The major record labels had a stranglehold on the popular music of the late 40s and the early 50s. Rock and Roll was looked down upon by our parent’s generation as being too loose and degenerate. Artists performing rock and roll were being repressed by the major record labels and they were not getting air play. Rock and roll artists became the mainstay of many of the independent labels and they started distributing their music through promoters directly to the radio stations who played rock and roll and to the record stores who sold it. This created a shift of power that gave birth to a whole new family of major record labels and to Broadcast Music Incorporated (BMI), the first performing rights organization in the United States to represent songwriters of blues, jazz, rhythm and blues, gospel, and—ultimately—rock and roll. These were the genres that the other performing rights organization, ASCAP, did not want to represent. BMI was the primary licensing organization for Rock, Country and R&B artists, while ASCAP centered on more established Pop artists.

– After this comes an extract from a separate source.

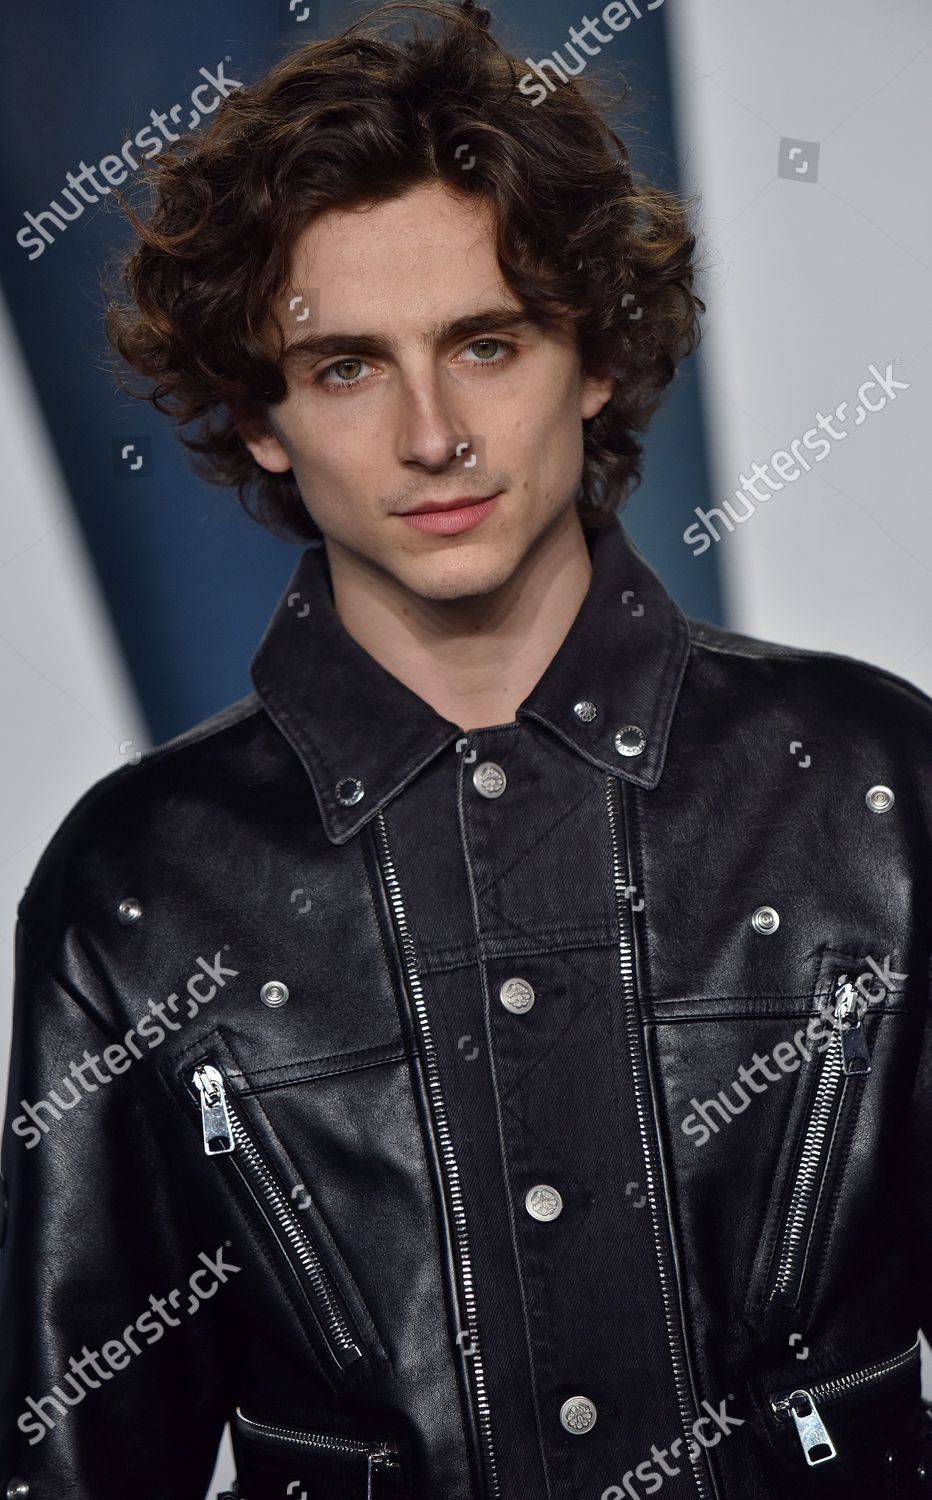 March 27, 2022, Beverly Hills, CA, USA: LOS ANGELES - MAR 27: Timothee  Chalamet at the Vanity Fair Oscar Party at Wallis Annenberg Center for the  Performing Arts on March 27, 2022

Radio stations were the key link between the new record companies and the teen audience that was the primary consumer of rock and roll. Every week, the promoters would come by and bring a stack of samples that they wanted the stations to play. The program director or music director of the station would go through the stack and pick the ones that would be added to the play list. These “up and comers” would then be added to the existing rotation of top 40 hits and oldies. Usually around that time, the new Top 40 list would be generated based on requests and record sales in the local area. So these playlists had a definite local flavor. This is important, because the only way for a local band to “break out” would be to convince the person choosing the new records for air play to add them to the mix. This is how new stars were added to the national scene. They came through their local radio stations. DJs travelling around on vacation of business would hear the station in the neighboring city playing a hot tune and they would add it to their rotation too. Eventually the band would go “regional” and if very lucky, “national“.

I remember sitting in the production studio of my old station with our program director, Woody, listening to the new stack of tunes. The process was almost brutal. We would start the song and listen to the first 30 seconds or so, as far as the first chorus. In case you were wondering, this is why the chorus is also called the “hook” of the record. If the song hadn’t hooked us in by then, it was unceremoniously ripped off the turn table and tossed into the grab bag to be used as prizes in a contest. Each station wanted to be the first to identify and play the newest hit. Sometimes, we would have to go back into the grab bag and retrieve a record that some nearby city was playing. None of this happens today because for most corporate radio stations, the play list is controlled from some far away corporate headquarters. Even if the station claims to be “live and local” this one aspect of it is usually not local. That makes it much harder for the indie bands of today. Oh MY!